I mean it's better than keeping it not protected at all, but even better would be if you encrypted the phone

[Linus_is_a_Badass]

Just now, vojta.pokorny said:

I mean it's better than keeping it not protected at all, but even better would be if you encrypted the phone

it's time to stop, no more

[Linus_is_a_Badass]

2 minutes ago, vojta.pokorny said:

And I was just looking into this and you can also set up a recovery phone number...

If they came out with a way to unlock with some like USB device or something instead of a password, then with the recovery ability, I would use it.

[Linus_is_a_Badass]

Speaking of USB devices, isn't there a thing that encrypts passwords and has a key or something that you put in your USB port?

[Mr.Humble]

Just now, Linus_is_a_Badass said:

Speaking of USB devices, isn't there a thing that encrypts passwords and has a key or something that you put in your USB port?

Yeah, U2F key:
 

 

[Linus_is_a_Badass]

2 minutes ago, vojta.pokorny said:

Yeah, U2F key:
 

 

aw that sucks, each service has to support it, the thing doesn't just work with an authenticator. Do you know if it works with lastpass to store the master password?

[Mr.Humble]

4 minutes ago, Linus_is_a_Badass said:

aw that sucks, each service has to support it, the thing doesn't just work with an authenticator. Do you know if it works with lastpass to store the master password?

It doesn't 'store' your master password, it works as an additional verification step, and only with Premium LastPass.

I don't think the idea is that you just plug this in and log in wherever.

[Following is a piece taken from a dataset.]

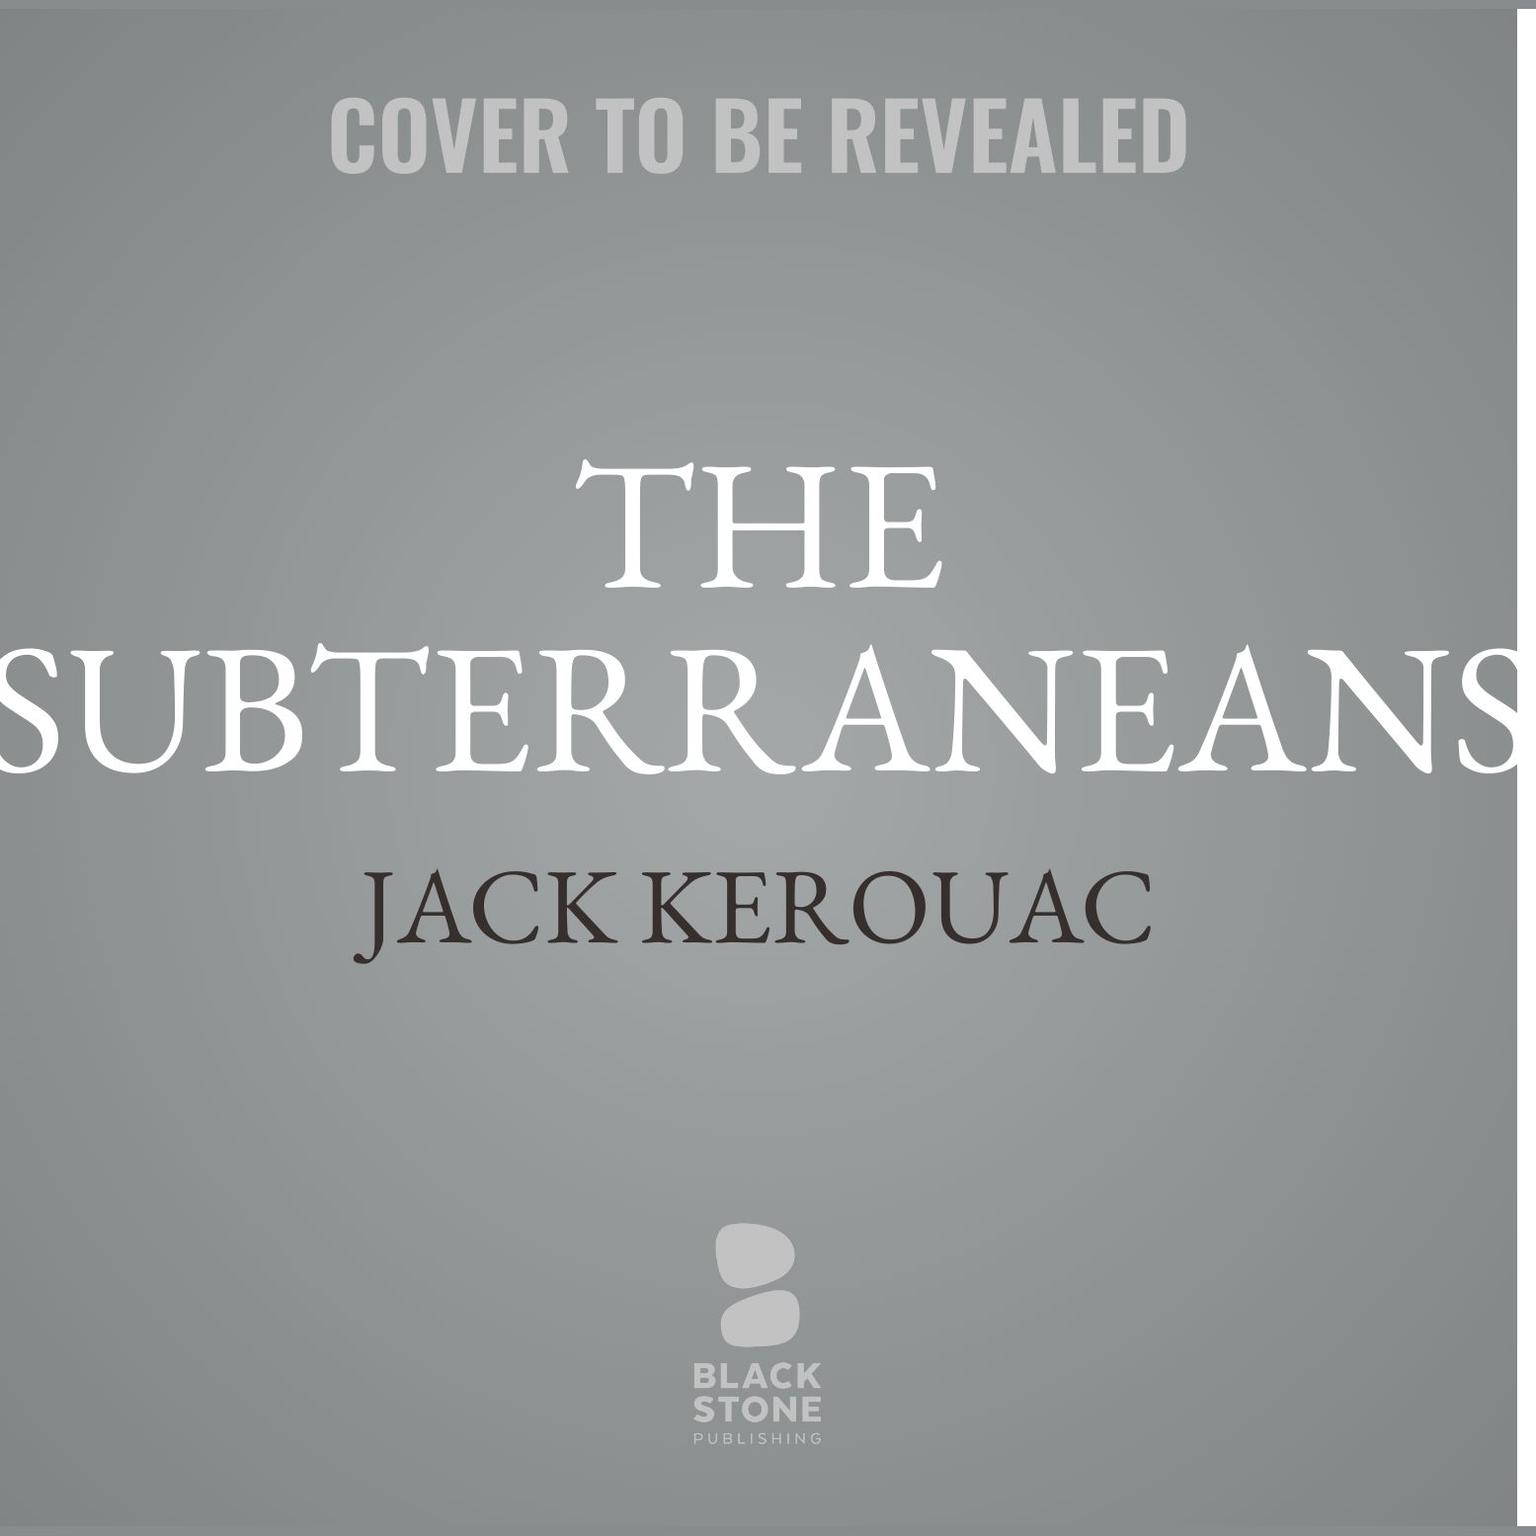 The Subterraneans Audiobook, by Jack Kerouac

I was thinking a while back about using something like an old USB drive with a personal certificate loaded onto it to log into some services, but most (almost none) support logging in with a certificate and it would probably require some sort of scripting or coding - a skill that I do not posess

[Linus_is_a_Badass]

Being human nature to make things as easy as possible, I'm surprised that this hasn't been worked out.

[Christophe Corazza]

12 minutes ago, vojta.pokorny said:

Yeah, U2F key:

 

 

That might be a better solution in your situation compared to what you're using now (LastPass)

[Mr.Humble]

Just now, Linus_is_a_Badass said:

Being human nature to make things as easy as possible, I'm surprised that this hasn't been worked out.

There's an inherent tradeoff between security and comfort. Can't have everything from both at once, but you can set it up in a way that's a reasonable compromise for you

[Linus_is_a_Badass]

Just now, Christophe Corazza said:

 

That might be a better solution in your situation compared to what you're using now (LastPass)

No, because it has to be individually configured for each service, and on top of that, a majority of the services I use do not support it. And it's additional, as in it doesn't eliminate my need to know the passwords.